Given the critical role of the γδTCR in mediating Lm-elicited memory γδ T cell recall response to Lm (Fig. 1), the importance of TCR signaling was assessed. Longitudinal analysis of circulating cells revealed a significant increase in the frequency of Nur77GFP-expressing CD44hi CD27neg Vγ1.1neg Vγ2neg γδ T cells 4 days after STm challenge infection (Fig. 6c, d). Furthermore, internalization of the γδTCR in GL4-treated mice prevented CD44hi CD27neg Vγ1.1neg Vγ2neg γδ T cell expansion (Fig. 6e–g and S7a) and substantially reduced their proliferation (Fig. 6h, i) following STm challenge infection. However, GL4 treatment did not affect weight loss, fecal shedding, or MLN STm burden (Fig. S7b–d). We previously showed that Lm-elicited γδ T cells provide protection against secondary Lm infection in concert with conventional T cells and that GL4 treatment alone does not affect Lm burden11. To determine whether TCR signaling contributes to the control of STm infection, we evaluated the effect of GL4 treatment on the ability of CD4- and CD8-depleted Lm-immune mice to control STm burden (Fig. S7e). Although STm burden in the MLN was similar between GL4- and PBS-treated mice, GL4 treatment resulted in a significant increase in STm burden in the spleen (Fig. S7f). These results reveal that the γδTCR contributes to the optimal control of STm and suggest that STm-selected and cross-reactive γδ T cells can restrict STm dissemination to the spleen or mediate local antibacterial effects.
GL4 treatment also abrogated CD44hi CD27neg Vγ1.1neg Vγ2neg γδ T cell response to i.p. Cr infection without affecting weight loss (Fig. S8). Altogether, these data suggest that the γδTCR is integral to the recall response of Lm-elicited memory Vγ4 Vδ1 T cells to heterologous infection and suggest that cells responding to STm in Lm-immune mice arise from the Lm-elicited memory pool.
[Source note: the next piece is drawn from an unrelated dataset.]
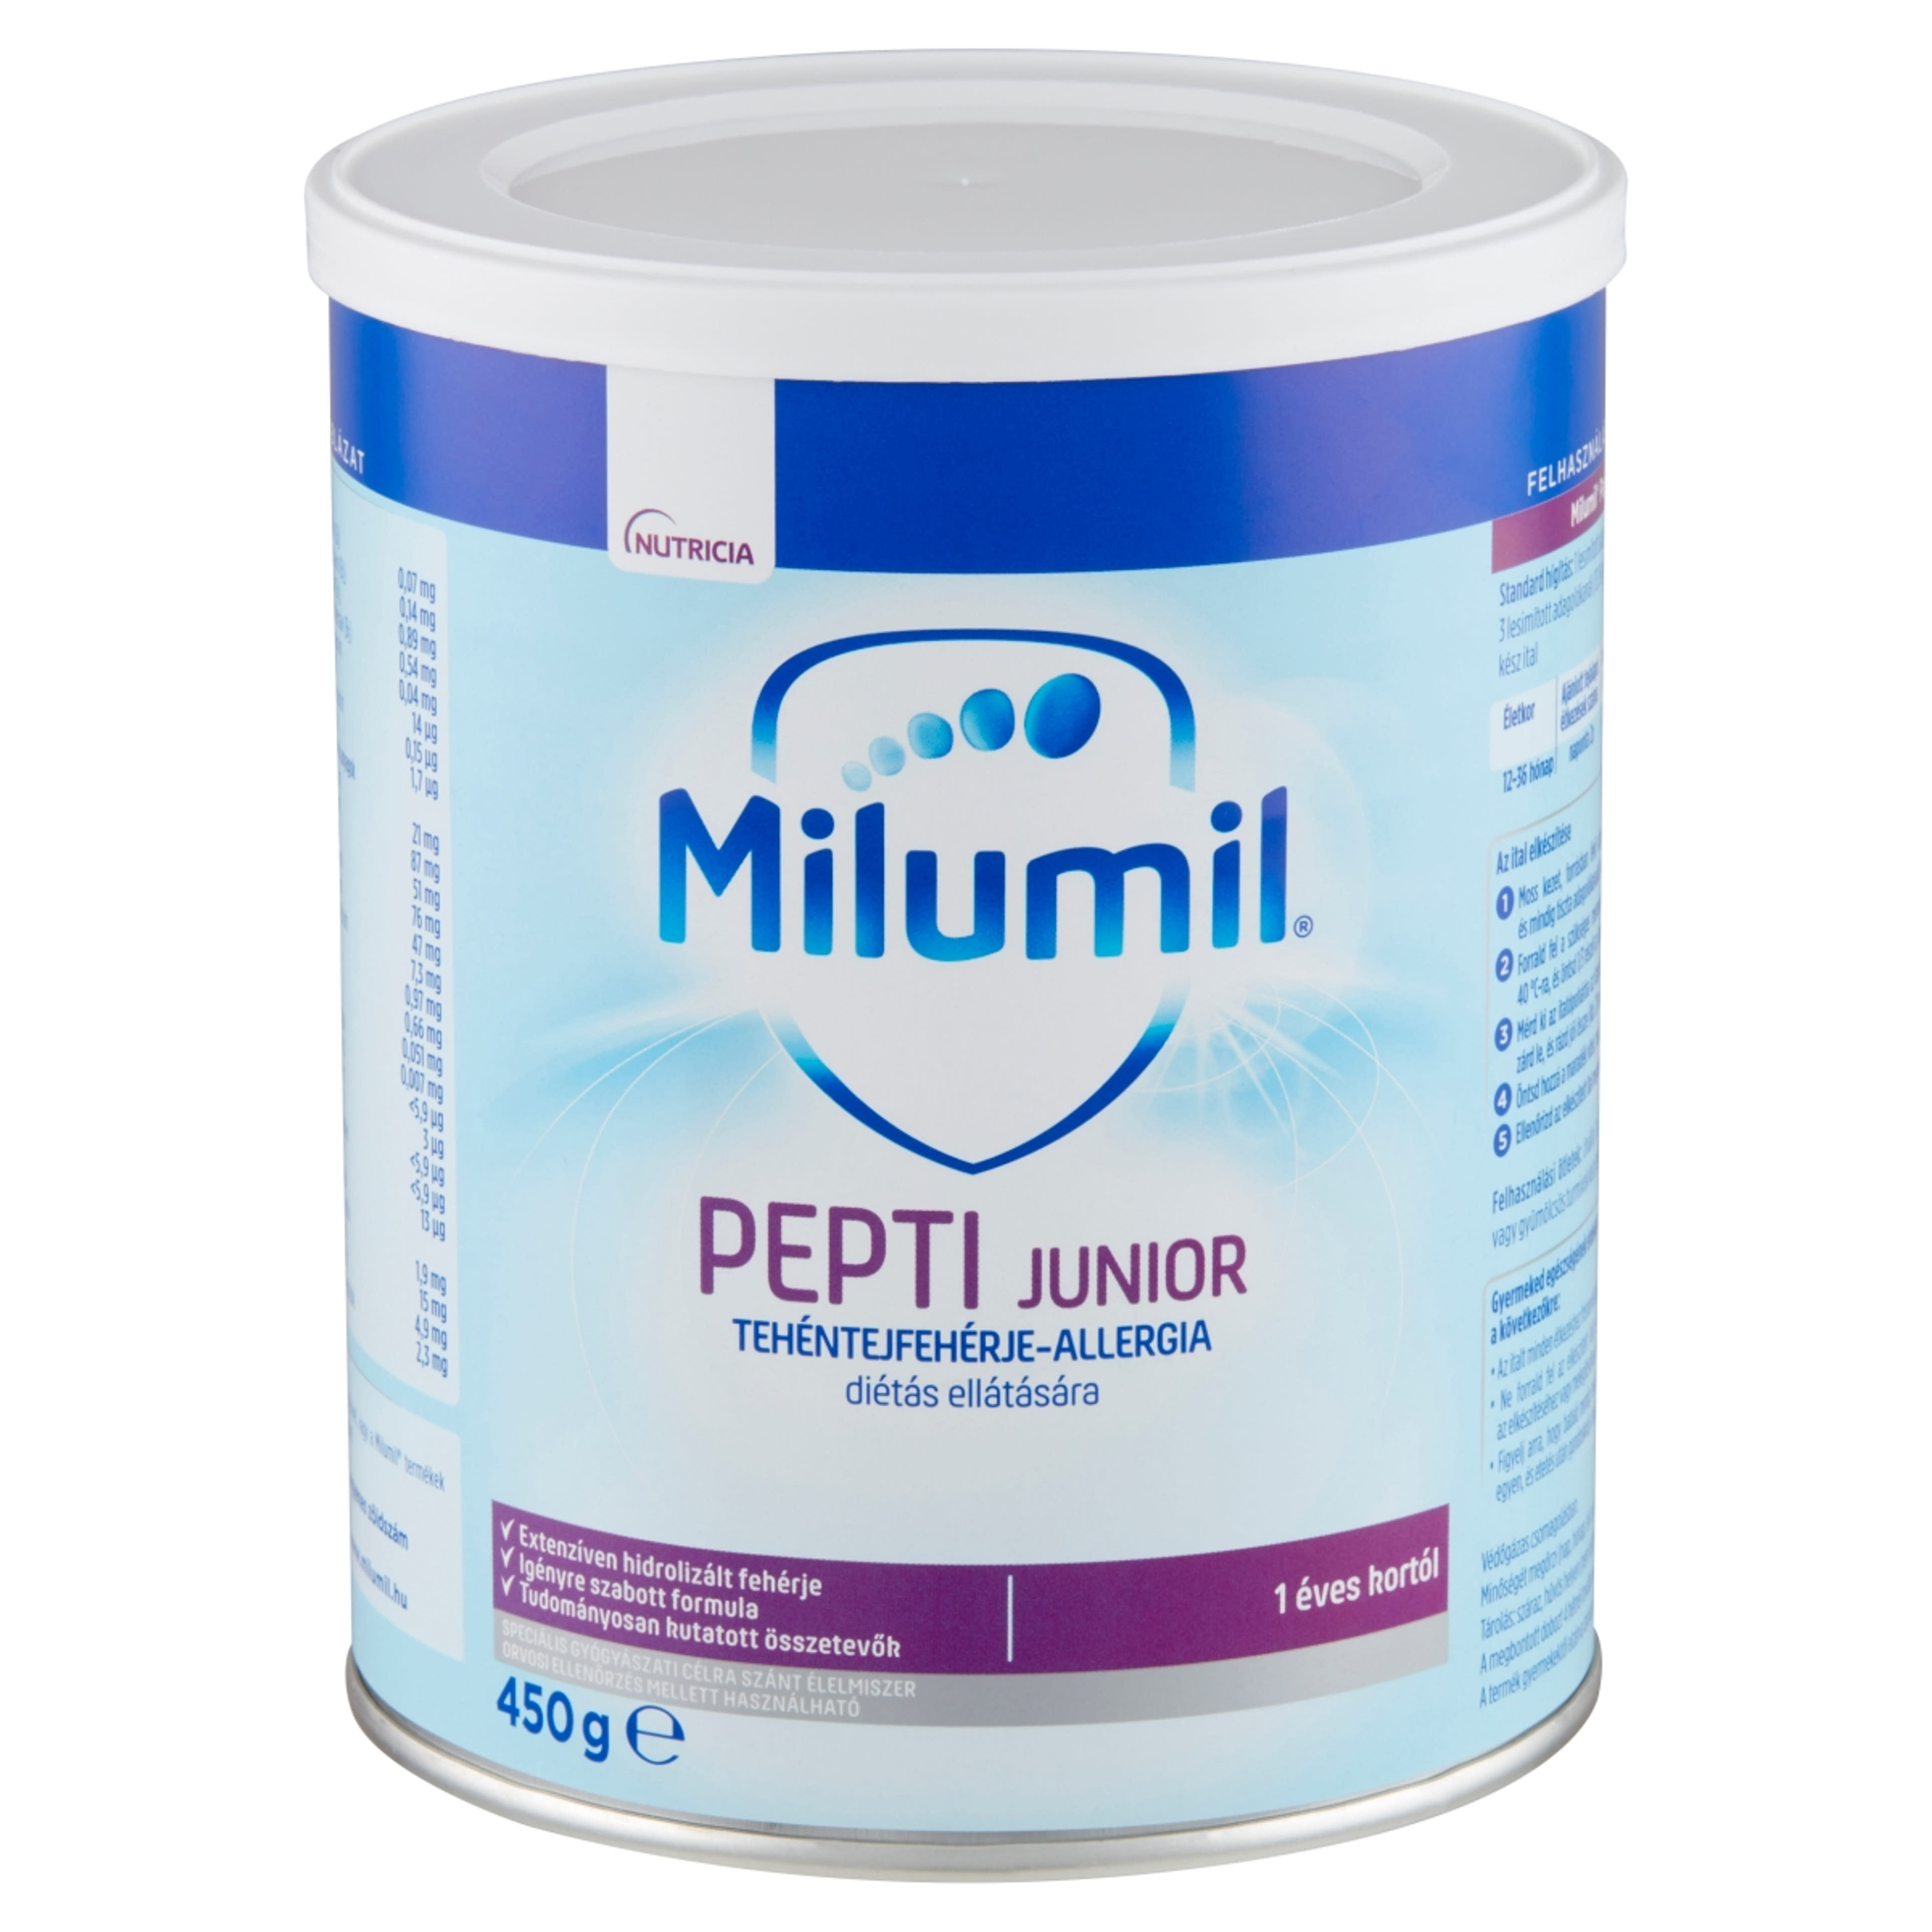 Milumil Pepti Junior speciális gyógyászati célra szánt élelmiszer 1 éves kortól - 450 g-2

γδ T cell responses to Lm and STm infections involve cross-reactive and non-overlapping pathogen-selected non-canonical clones
Recognition of cognate antigen elicits robust T cell clonal expansion that leads to changes in clone abundance and alterations in TCR repertoire. To determine whether Lm-elicited memory Vγ4 Vδ1 T cell clones respond to STm, the TCRδ repertoire of purified CD44hi CD27neg Vγ4 T cells elicited by STm infection in naïve (STm primary) and Lm-immune mice (STm recall) were analyzed and compared to sorted Lm-elicited cells from age-matched mice (Fig. 2). The canonical and the public Vδ1 TCRs represented the majority of (~85%) the repertoire of STm primary and STm recall samples, regardless of prior exposure to Lm (Fig. 7a). Interestingly, STm and Lm primary infections were selected for largely non-overlapping non-canonical clones (Fig. 7b). Only 29 and 25 overlapping clones were detected. The two infections also differentially affected the prevalence of overlapping non-canonical clones as the majority of the clonotypes analyzed showed a selective enrichment (>25% difference in read frequency) after either primary infection (Fig. 7c). Similar observations were made in Lm-immune mice infected with Lm or STm (Fig. 7d, e), suggesting that prior exposure to Lm does not impede the generation of subsequent non-canonical response to an unrelated pathogen. Overall, these results suggest that the non-canonical Vγ4 Vδ1 repertoire is differentially shaped by unrelated infections, consistent with clonal selection mediated by distinct antigens.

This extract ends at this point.